> _THE PROBLEM_:
Give the whole listing below once more, exactly, without pictures.

> _DATA BELOW_:
* * * * *

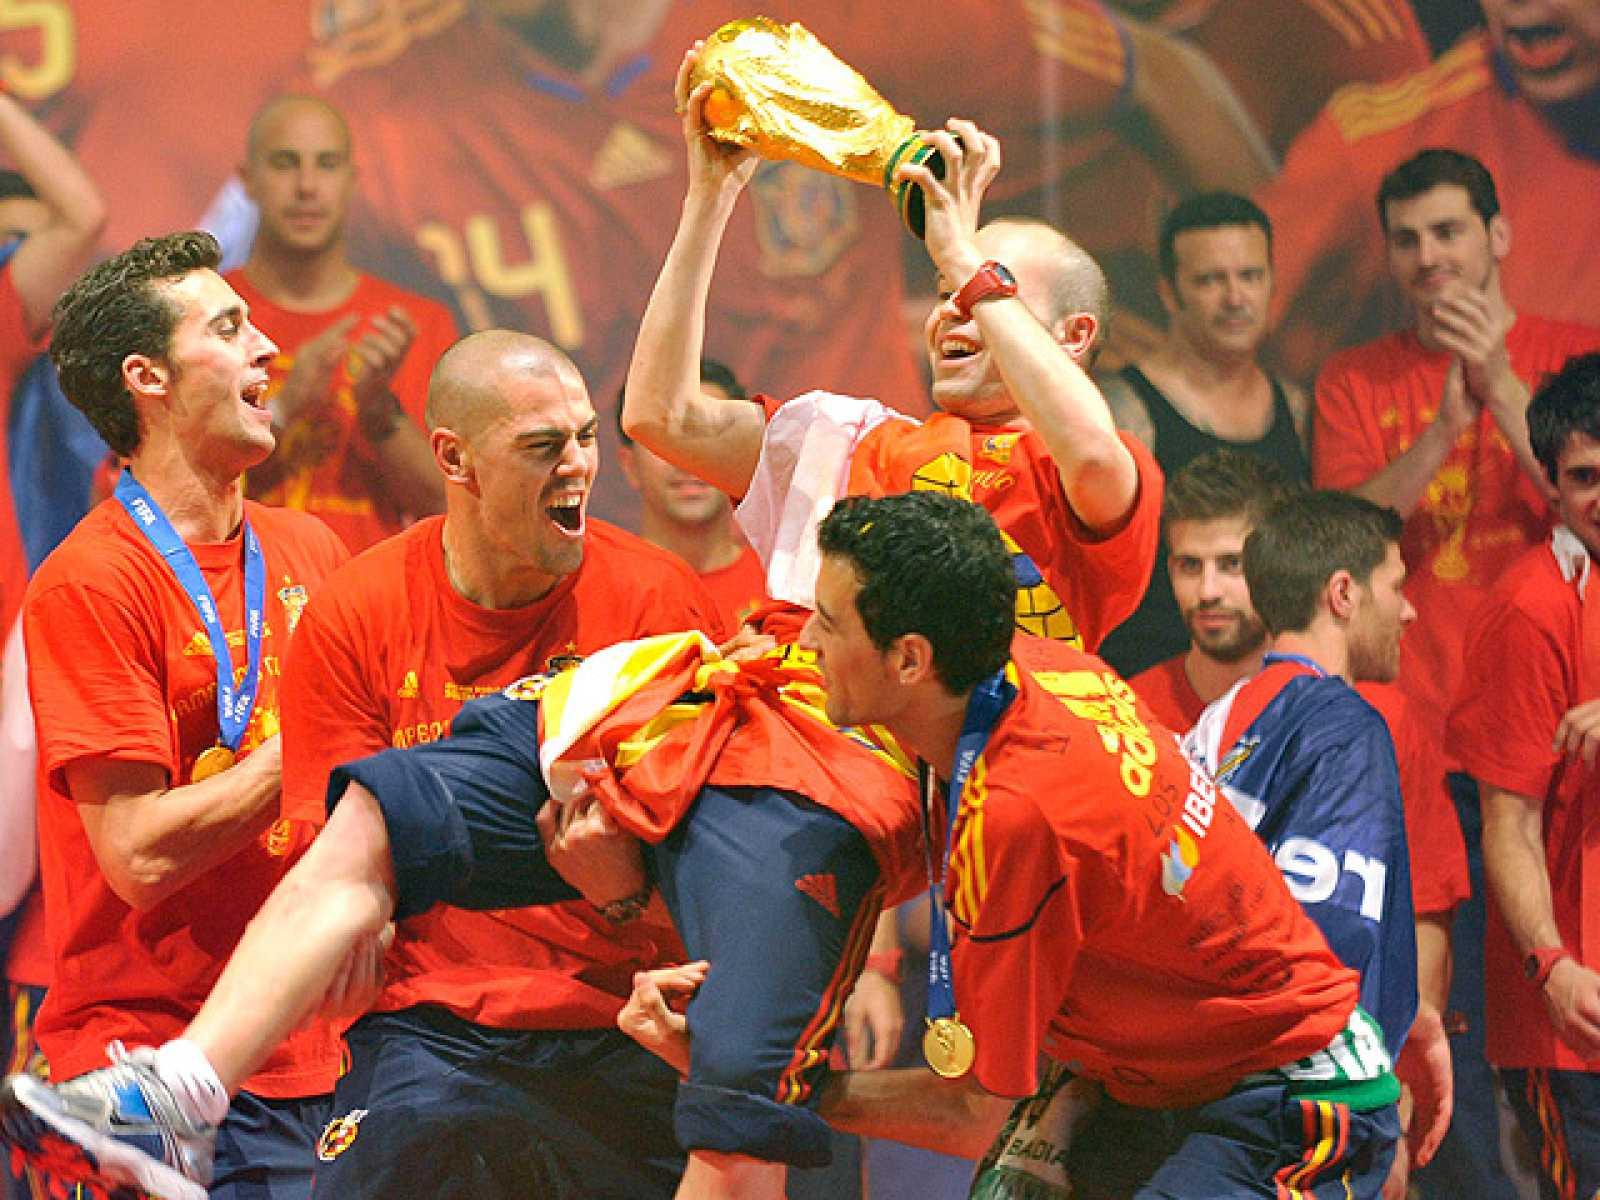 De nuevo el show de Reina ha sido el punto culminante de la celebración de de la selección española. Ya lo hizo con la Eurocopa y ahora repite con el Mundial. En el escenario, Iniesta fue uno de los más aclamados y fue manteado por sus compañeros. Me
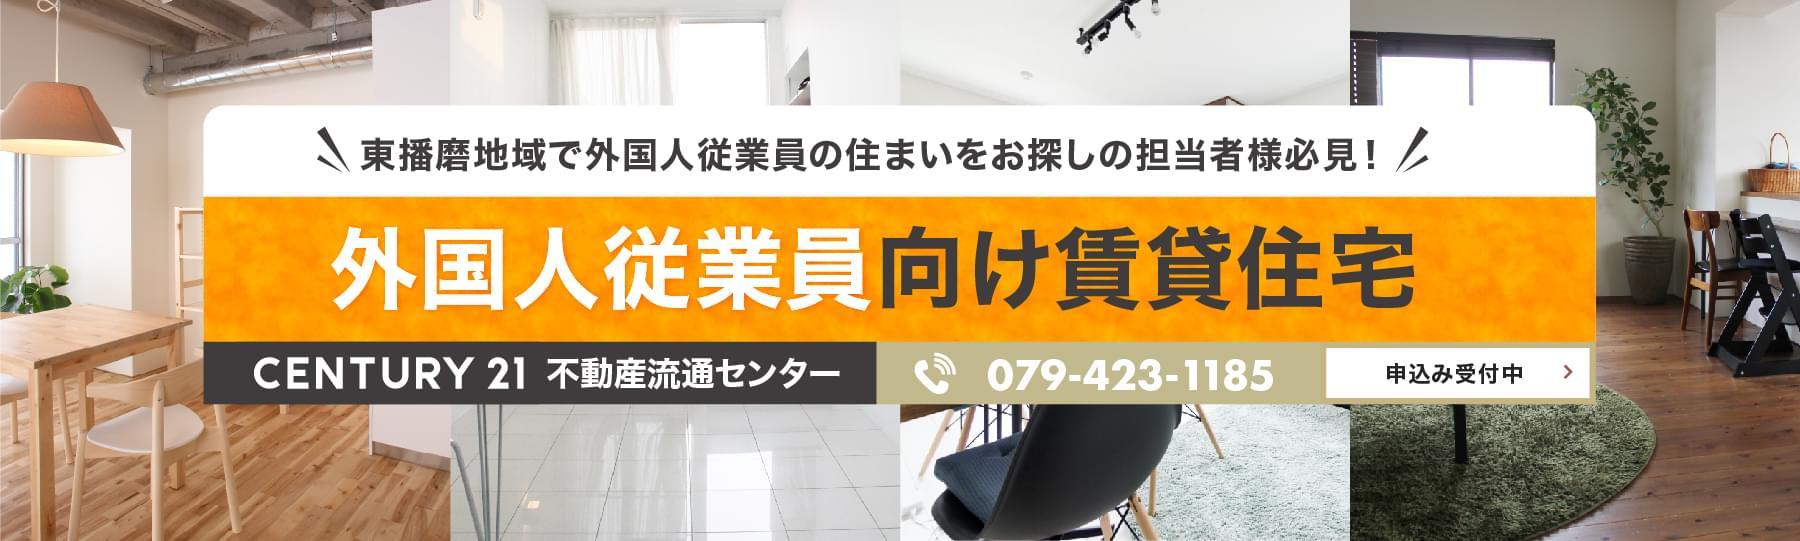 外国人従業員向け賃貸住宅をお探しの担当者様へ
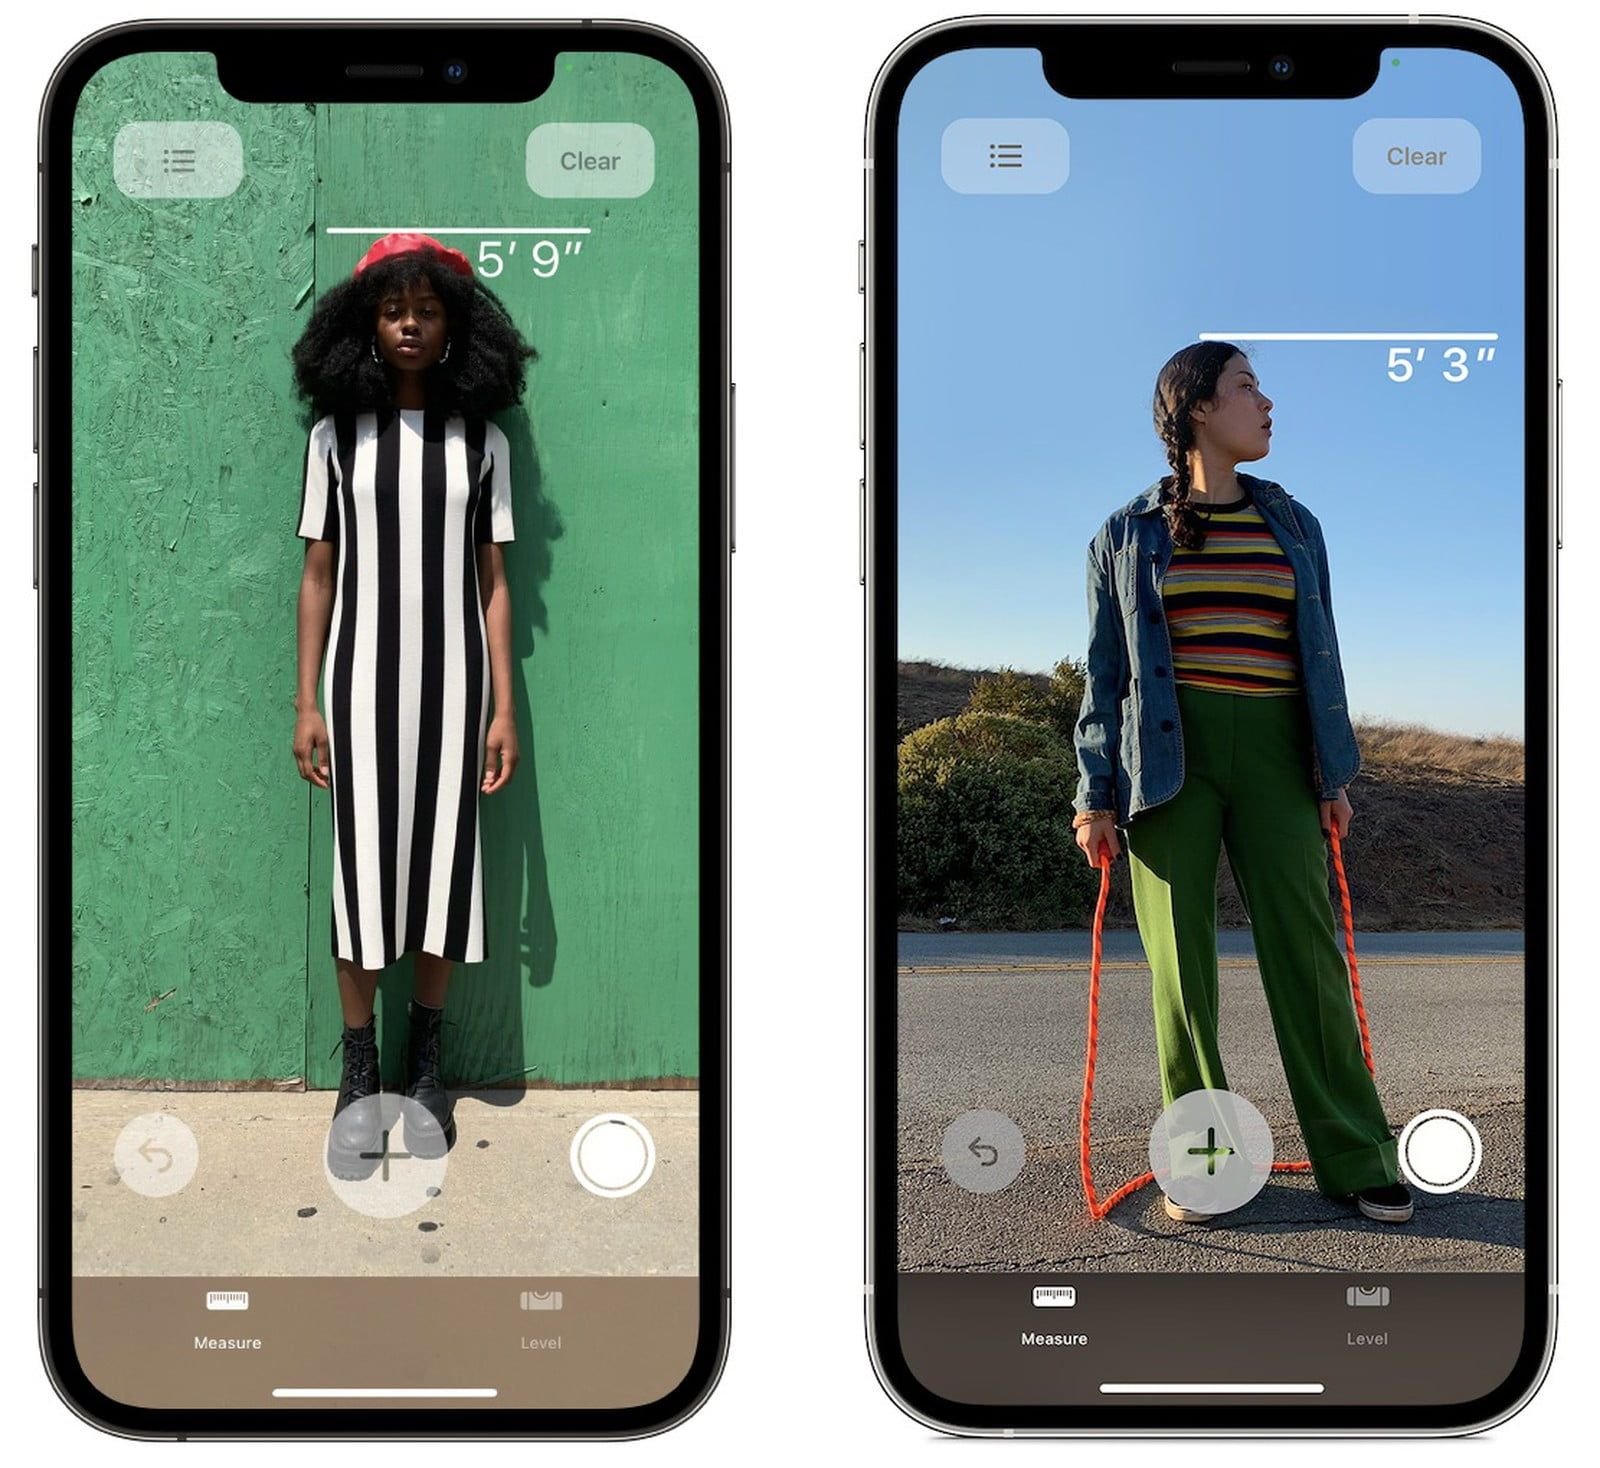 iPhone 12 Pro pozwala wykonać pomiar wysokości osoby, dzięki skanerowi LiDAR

* * * * *

> _YOUR RESPONSE_:
 De nuevo el show de Reina ha sido el punto culminante de la celebración de de la selección española. Ya lo hizo con la Eurocopa y ahora repite con el Mundial. En el escenario, Iniesta fue uno de los más aclamados y fue manteado por sus compañeros. Me
 外国人従業員向け賃貸住宅をお探しの担当者様へ
 iPhone 12 Pro pozwala wykonać pomiar wysokości osoby, dzięki skanerowi LiDAR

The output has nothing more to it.